Wednesday, June 15, 2011

Electronic Warfare

Entry: day four hundred and ten.

The Neocom service has been glitchy all day, mostly off, sometimes on. There's a group of idiots out there than ran Distributed Denial of Service against the Neocom service across all of EvE. As we know it, ships don't work unless connected, and generally doing anything out of a station tends not to work.

Some people, however, tend to think that DDoS is equivalent to data theft. This is simply not true. Let me run it down, as I usually record these logs with the knowledge that someone else will pay attention eventually.

DDoS has nothing to do with stealing data. It's all about domination, forcing someone to submit and crumble under the pressure you put on. DDoS works by essentially spamming the target with so many request packets that the target no longer has any ports to accept new connections. When it does drop connections, those open ports are immediately filled again by more spam request packets.

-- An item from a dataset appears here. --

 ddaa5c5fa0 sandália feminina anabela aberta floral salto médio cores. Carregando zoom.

DDoS fundamentally does not work with theft for several reasons. The first has to do with objective. If your objective is to effectively isolate the target, you don't give it a way out, so you don't try to take anything from your target, you just isolate it. Imagine a prisoner being thrown into isolation, and then letting a random person come in at any time and talk with the prisoner. It defeats the purpose. Further, attempting to extract the data is impossible, as the target itself is overloaded and dropping as many connections as it can, its processors so loaded down with network protocols that it doesn't have time for data retrieval, and with the connections constantly being filled by the spam request packets, there's no chance for the data to make its escape back to the thief.

The second reason is stealth. DDoS attacks are run by botnets, no surprise. What may surprise you is that the bots themselves are usually hidden from view by spoofed packets, that is, packets with incorrect route-back information. Even if these packets are not spoofed, the bots are owned by people unaware that they have in fact become bots because of the stealth employed in maintaining a bot. You can't just roll up to someone's residence, confiscate/wipe their terminal, and say, "Now you're safe," people won't stand for it.

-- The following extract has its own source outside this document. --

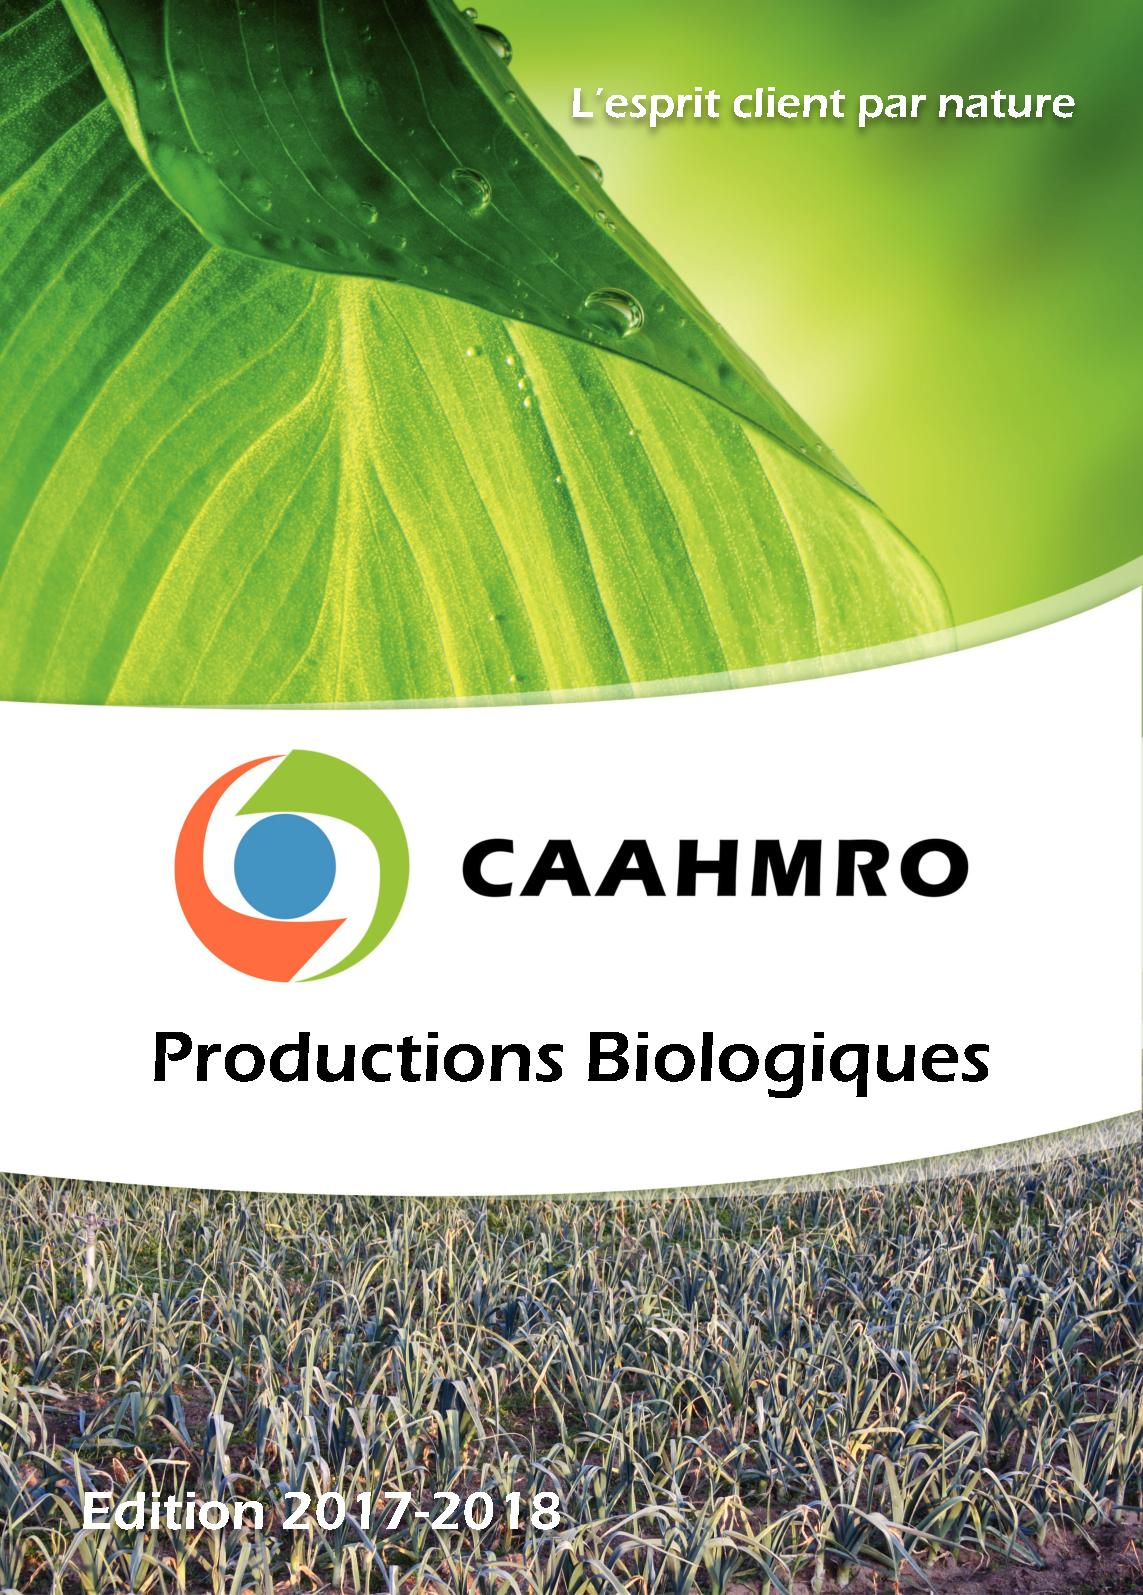 Catalogue Bio 2017-2018

The third reason DDoS has nothing to do with theft is pretty basic: stealth. DDoS doesn't have it except to protect the bots, and in every other respect it's the equivalent of a gorilla: big, dumb, powerful, and no stealth at all. Stealing requires subtlety, which DDoS lacks by definition.

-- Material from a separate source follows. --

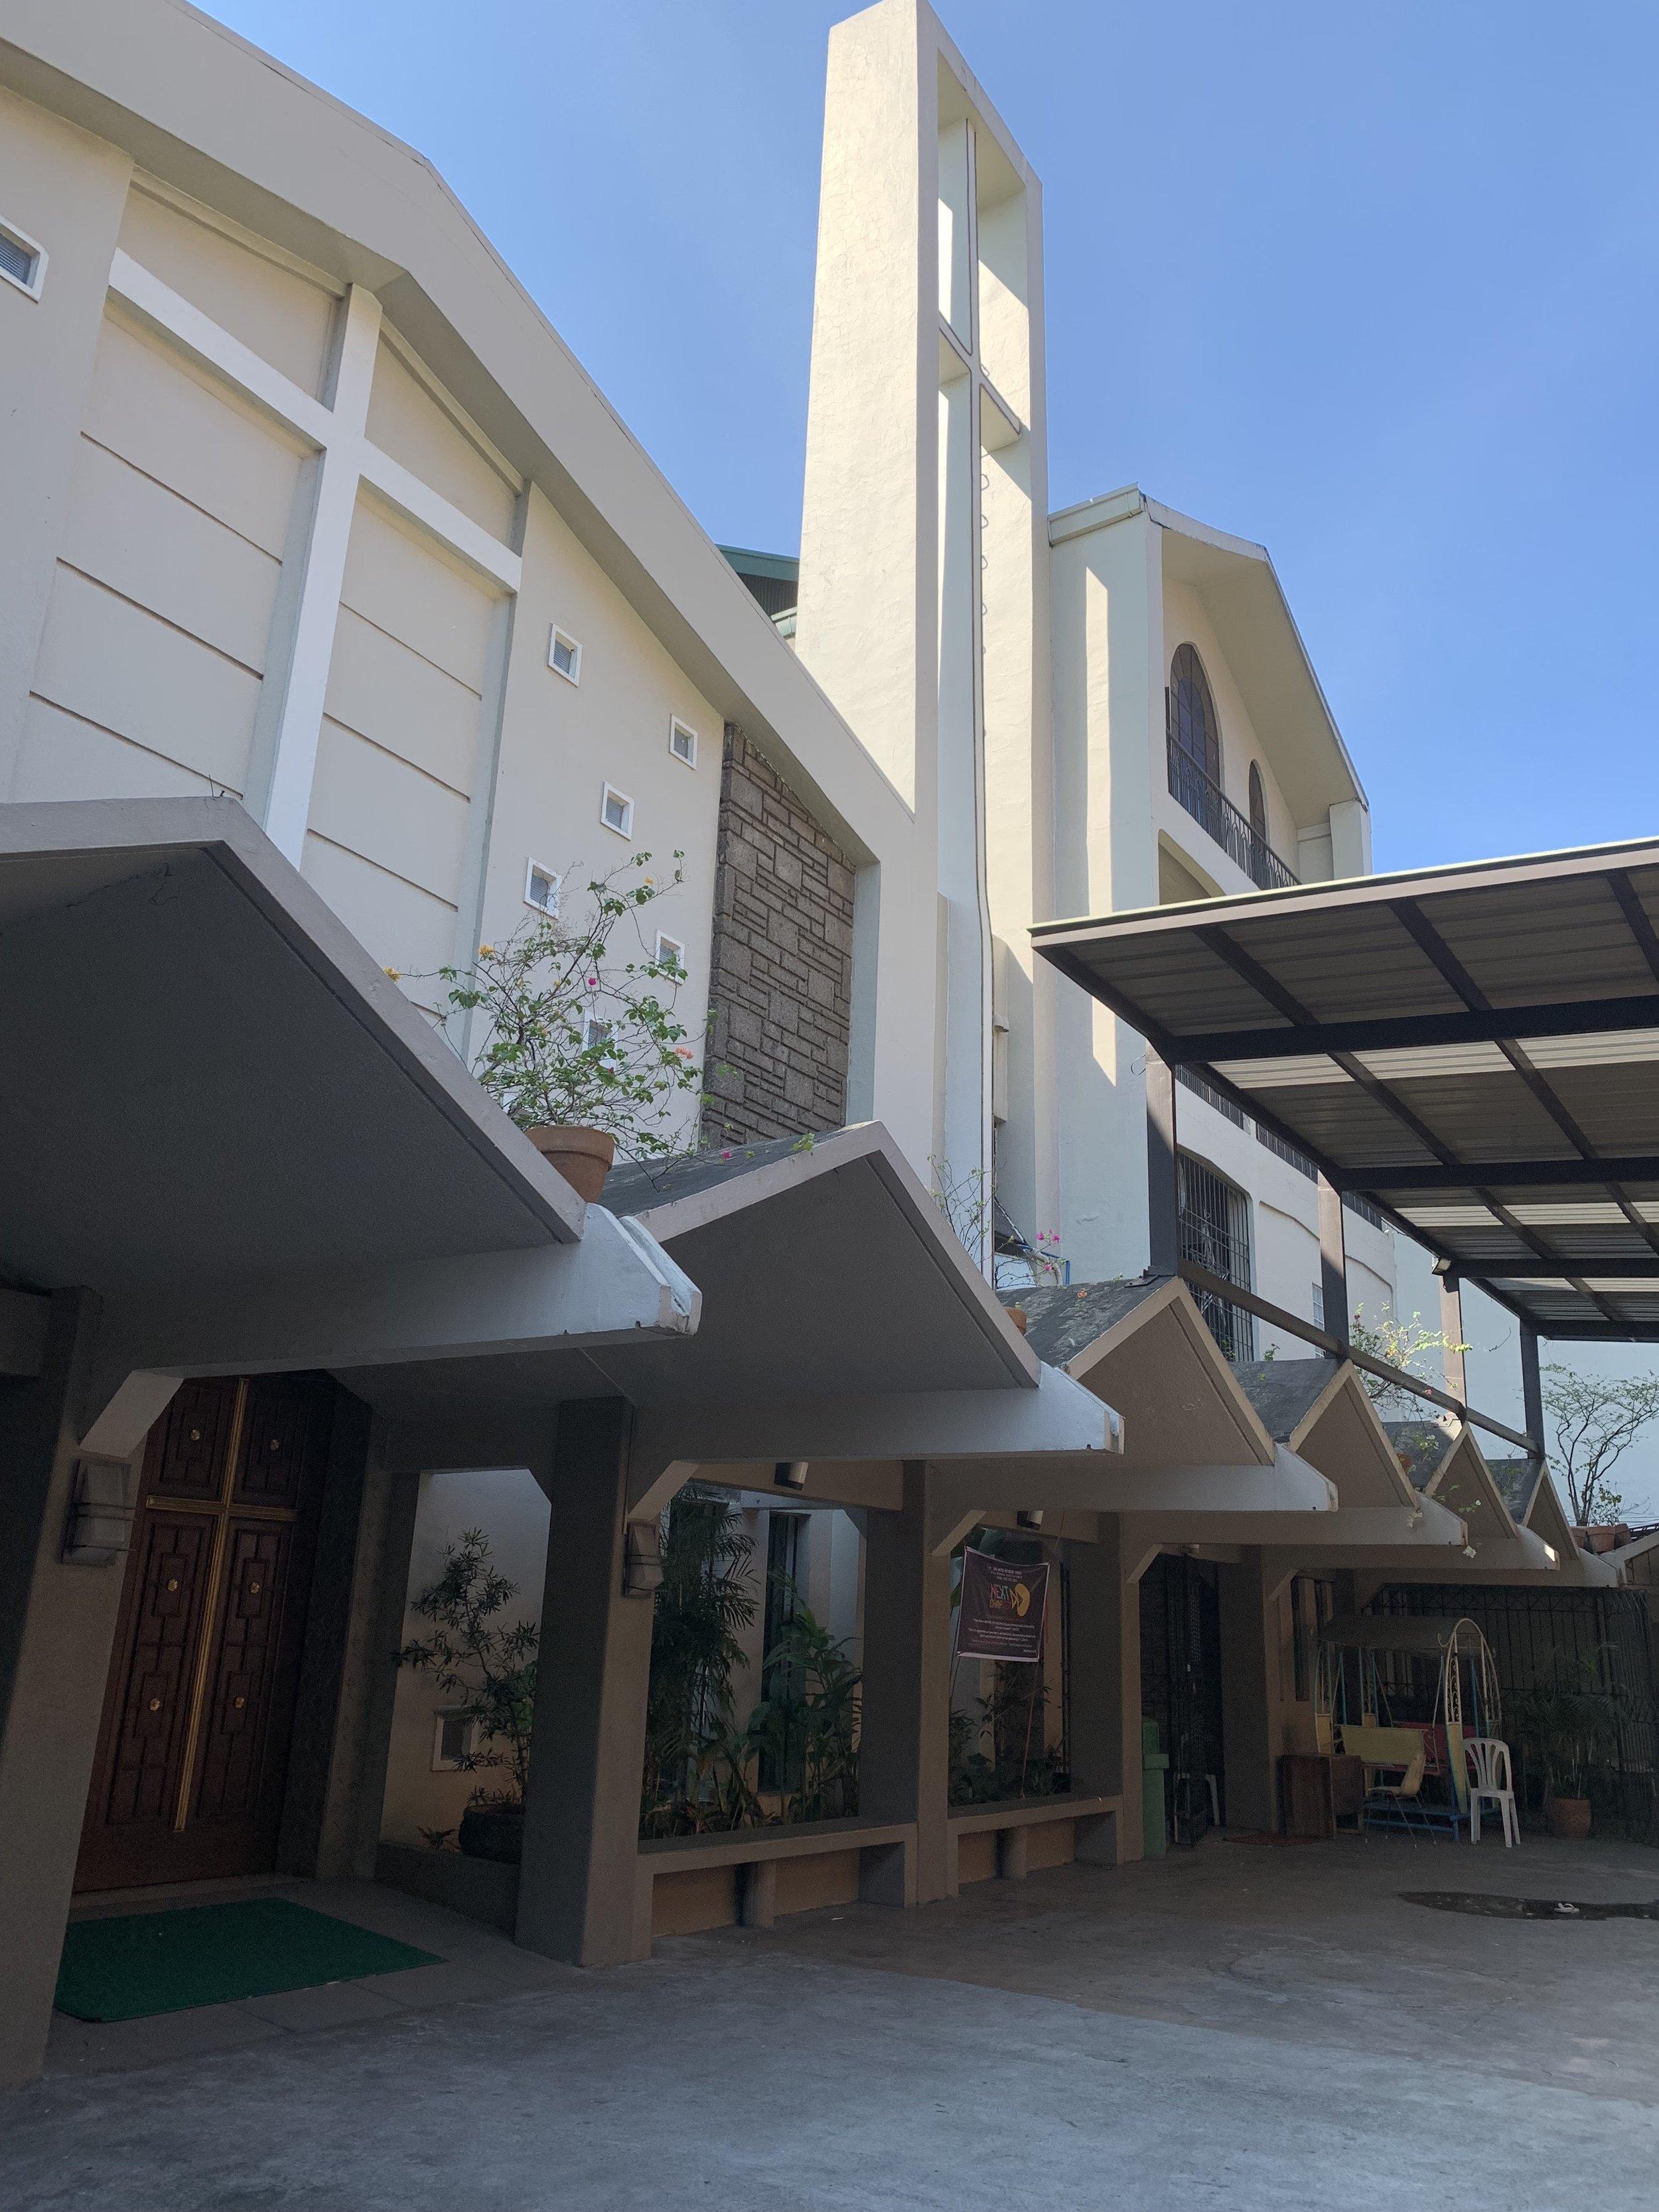 St. John United Methodist Church, circa 2019.

Assuming you were going to steal data, DDoS is quite simply the worst move you can make for several reasons. The first, you're cutting off your flow of information. Second, even if you have your information, you had to get it from a stealth software package, usually a really nasty rootkit, and DDoSing the target exposes your rootkit as the white hats start poring over logs, looking through the Master Boot Record, checking BIOS images, things of that nature. Naturally, if anything is even suspected of being discovered, an isolated copy of the target is made, and the target itself has its BIOS reflashed and the drives wiped before restoration to pristine condition.

In effect, this destroys your chances for getting new data, and allows a strong possibility that the white hats discover your rootkit, dissect it, and figure out how to defend against it, making the rootkit you spent months and months to develop a piece of garbage. There is no hacker that would be so irresponsible as to waste his life's work with a DDoS. Inventing new rootkits, with new infiltration and stealth procedures, is incredibly difficult. Most of the black hat/grey hat/white hat community don't invent their own, but use builder programs that exploit known weaknesses. Only occasionally are new techniques developed, and it's rare enough and special enough that there is a yearly black hat meeting, of which only a few techniques are shared with that community AFTER those weaknesses have been shown to the vendors that make the hardware and software everything runs on.

I won't discount the fact that the Neocom DDoSers could have stolen data, but it goes against their M.O., which is essentially for fun and because they can. They're not concerned with helping people, or hurting people, and they aren't stupid enough to make use of what they've stolen if they want a chance in hell of getting away with it. They're in it for popularity, and nothing else.

Unfortunately, they've shown an ugly face to those like us, no doubt millions have turned against them with this blow on the Neocom. There's no doubt that the grey hats will rise up to at least attempt to destroy them, because grey hats do illegal penetration for good purposes, and a group of black hats that shallow is risky for everyone. I wouldn't be surprised to see other black hats attack them as well, if not for their own safety, then surely for the prestige of being the group that brought them down.

It's a dog eat dog world out there in those catacombs of computer architecture. Only time will tell how long they survive.